Third-Party Data Is Now First-Class

Everybody should travel first-class some of the time.

Adrian Bridgwater

Data moves. When we create datum (singular) and eventually coalesce sets of information into the variously shaped datasets that we now send across the neural networked nodes of the web and the cloud, we push data down, across and through different transport mechanisms to use it in sources (applications, databases, web services, basically everything) that are distinctly different from where those first pieces of data were originated.
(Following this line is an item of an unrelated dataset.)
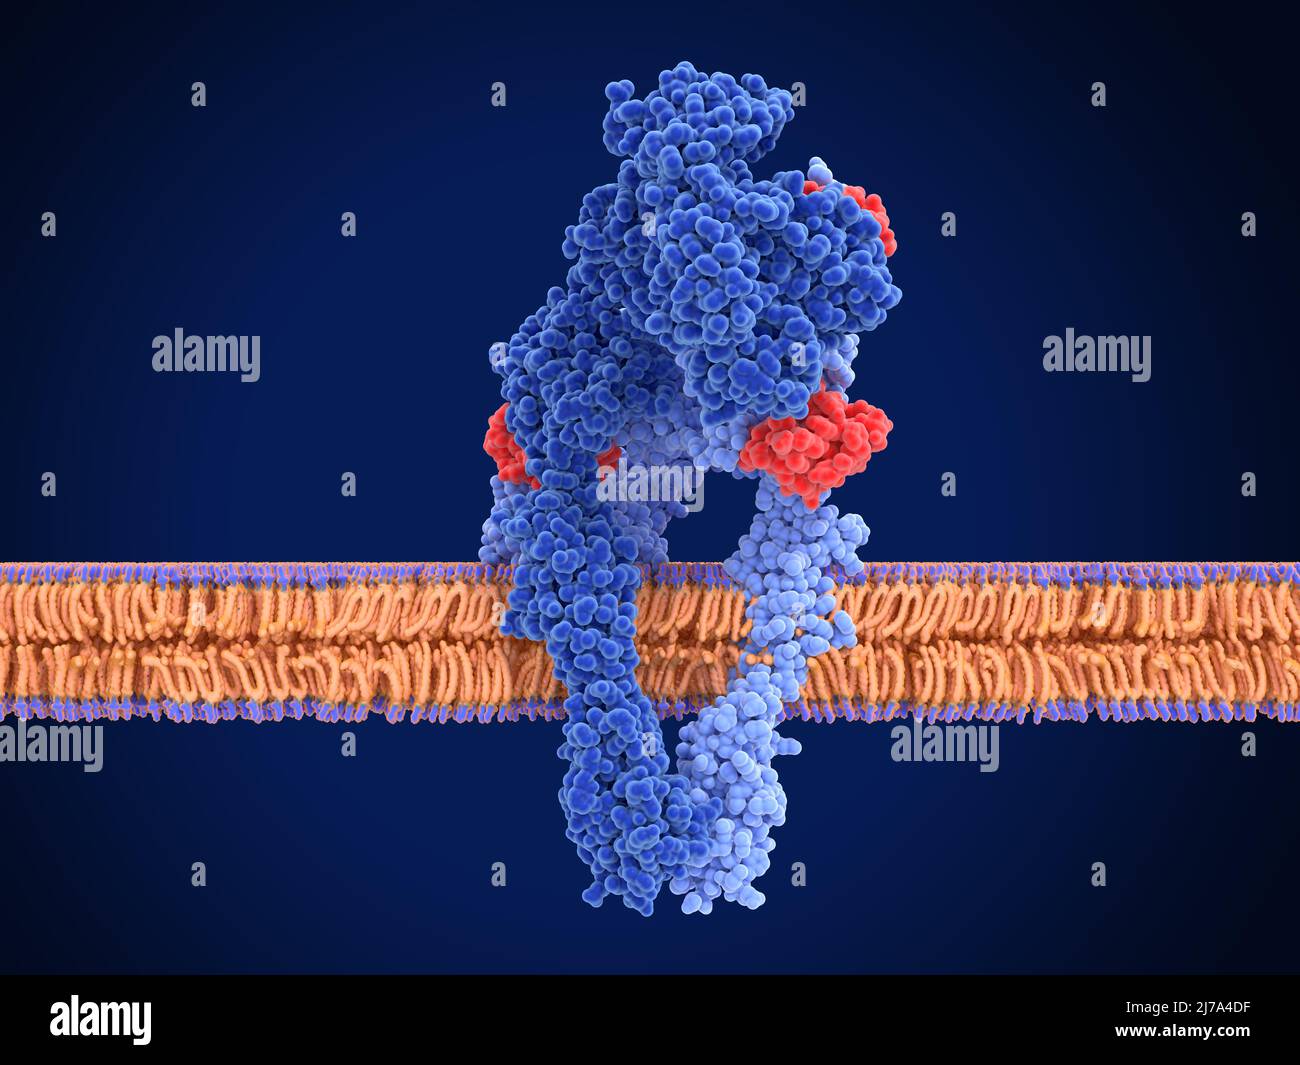 Active insulin receptor, illustration Stock Photo

This is nothing new. We have been exchanging information across networks for considerably more than half a century.

But data sharing 1.0 was a comparatively conservative discipline i.e. we primarily connected to sources that fell inside the confines of the way software and hardware systems were architecturally designed from the outset and basically only really networked with ourselves. When we needed to download X from source Y, we connected in the prescribed way intended. It was very much a case of fitting plugs into known sockets and turning the power on.

Data sharing has left the building

Although those basic laws and principles of data connectivity remain, a more prolific data integration and sharing era has come about.

We now live in a time when data sharing has left the building. Enterprise organizations are now taking a much broader approach to data integration. Often making use of anonymized and obfuscated datasets that preserve the Personal Identifiable Information (PII) that would identify actual individuals, companies are exchanging datasets with a view to understanding the ‘shape’ of information values in order to be able to adapt to the known-knowns that other firms in the same market segment may have already experienced.

Suddenly now we get to a point where a company’s own information is of paramount importance, but we also reach a new level where third-party data is also massively valuable. This is the point at which third-party data has now become a first-class citizen in the information ecosystem that any business operates in.

If, for example, a bargain-price fashion brand starts trading in raincoats, then doesn’t it make sense if that business is able to view cost figures experienced by another firm in the same or similar trade? Shouldn’t oil & gas companies be able to see how employee work rosters are executed in other similar operations in other nations, even in competitors? The list of data-sharing examples (over and above these two very random ones) goes on and on.

How third-party data becomes first-class

There are now data exchange services that work rather like commodities exchanges to help organizations share data templates, architectures and shapes, but making third-party data first class is also happening at a core level in many enterprise technology platform vendors. So how does it all work?

“Organizations are realising the value of data collaboration as data becomes more readily available and plentiful,” said David Fisher, industry principal, media and entertainment EMEA at data cloud company Snowflake. “Rather than relying solely on their own data, entities are tapping into data that exists across the business ecosystem. This approach is opening doors for multiple parties to combine, collaborate and analyse data to deliver new business opportunities and enhanced customer experiences.

The birth of data clean rooms

To facilitate this growing trend, so-called ‘data clean rooms’ are becoming increasingly popular. Fisher describes these technologies as a means of allowing multiple organizations to join, come together and collaborate on data in a protected environment where participants are unable to see each other’s raw data. Sensitive data, such as PII, can be matched, but it is encrypted for each party. In a Snowflake data clean room, the data is not copied, moved, or shared, and analysis on large amounts of data can be carried out with high performance and scalability.

“Marketplaces are also driving the ability for organizations to combine first-party data with third-party data by enabling them to securely access and share data, data services and applications,” said Snowflake’s Fisher. “This insight can be brought directly into their own cloud data environment, reducing integration costs, delays and risks by eliminating the need for traditional ETL, API, or FTP processes. The impact of these technologies combined are changing the way organizations collaborate, analyse and derive insights from data, enabling them to unlock new opportunities for growth and success.”

Fisher’s reference to that group of three-latter-acronyms (TLAs) denotes ETL – extract, transform, load; API – application programming interface; and FTP – file transfer protocol. Because these are all ‘transport’ mechanisms or data channel-enabling technologies of one form or another, they take time to engineer and this is part of what more third direct third-party data exchange seeks to circumvent.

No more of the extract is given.